Part 10: Transferring the Production of Rotary Dial Telephones and Developing Push-button Telephones

At OKI, the 10-year period from 1958 is referred to as The Decade of the Type-600 Telephone. Throughout the 1960s, OKI manufactured the Type-600 rotary dial telephone as well as other new models, leading the industry in its role as OKI the Telephone Manufacturer. However, as electronic switching systems replaced earlier systems, electronic technologies began to sweep the field of telephony. In response, OKI shifted its focus to the development and production of electronic push-button telephones, spinning off production of Type-600 telephone sets to another company.
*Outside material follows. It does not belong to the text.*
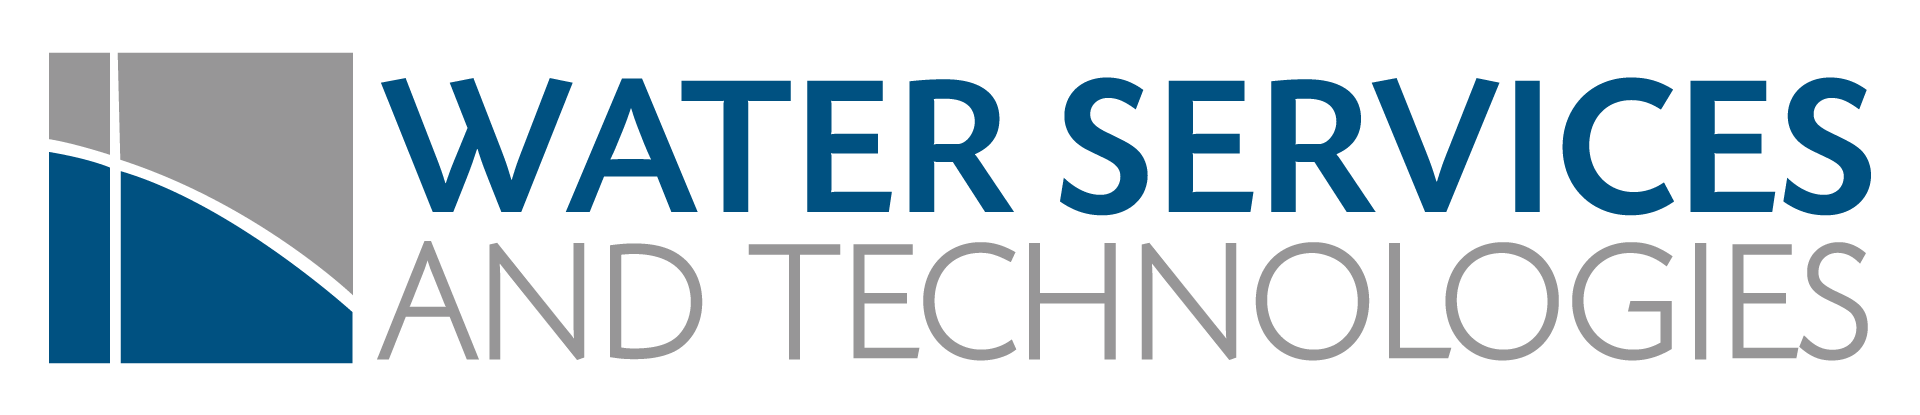 Water Services and Technologies Ltda

Moving to develop push-button telephones

In April 1967, the Nippon Telegraph and Telephone Public Corporation ("NTT") announced its Ten-year Vision for Telegraphs and Telephones, presenting a list of concrete targets, including the widespread diffusion of push-button telephones, faster dialing, and telecontrols for remote operation of electric appliance switches. Taken for granted now, these functions were revolutionary at the time. OKI saw expanding the appeal of electronic telephone sets as essential to achieving the widespread diffusion of these functions.

At the time, Japan was in the midst of the Izanagi boom. The buying public coveted color TVs, room air conditioners, and automobiles as the New Three Sacred Treasures. The Japanese economy continued to enjoy high growth. Against this historical backdrop, dial-tone type telephones, called push-button phones, were released on May 17, 1969, as the first series of electronic telephones.

The last Type-600 telephone set marks
the end of dial telephone production

After NTT established specifications for the Type-600 dial telephone in August 1963, OKI began producing Type-600 telephone sets at the Honjo Plant completed that same year. Built to be the world's top-class mass-production factory dedicated to the manufacture of telephone sets, the Honjo Plant featured equipment and factory layouts revolutionary for those years. The plant established a non-partition system designed for mass production (the entire building consisting of a single large space), an air conditioning system for the entire building designed for advanced quality control, and automated processes for tasks such as filing, drilling, and thread tapping previously performed manually. The Honjo Plant manufactured 2,500 to 2,800 telephone sets daily and boasted production efficiency superior to any other facility.

Transferring production of Type-600 telephones, OKI's products par excellence

In 1969, OKI's top management made the crucial decision to transfer production of Type-600 telephones, OKI's products par excellence and significant contributor to business growth, to another company. The Honjo Plant was OKI's frontline telephone manufacturing facility. This decision was based on the assessment that push-button phones represented the future mainstream.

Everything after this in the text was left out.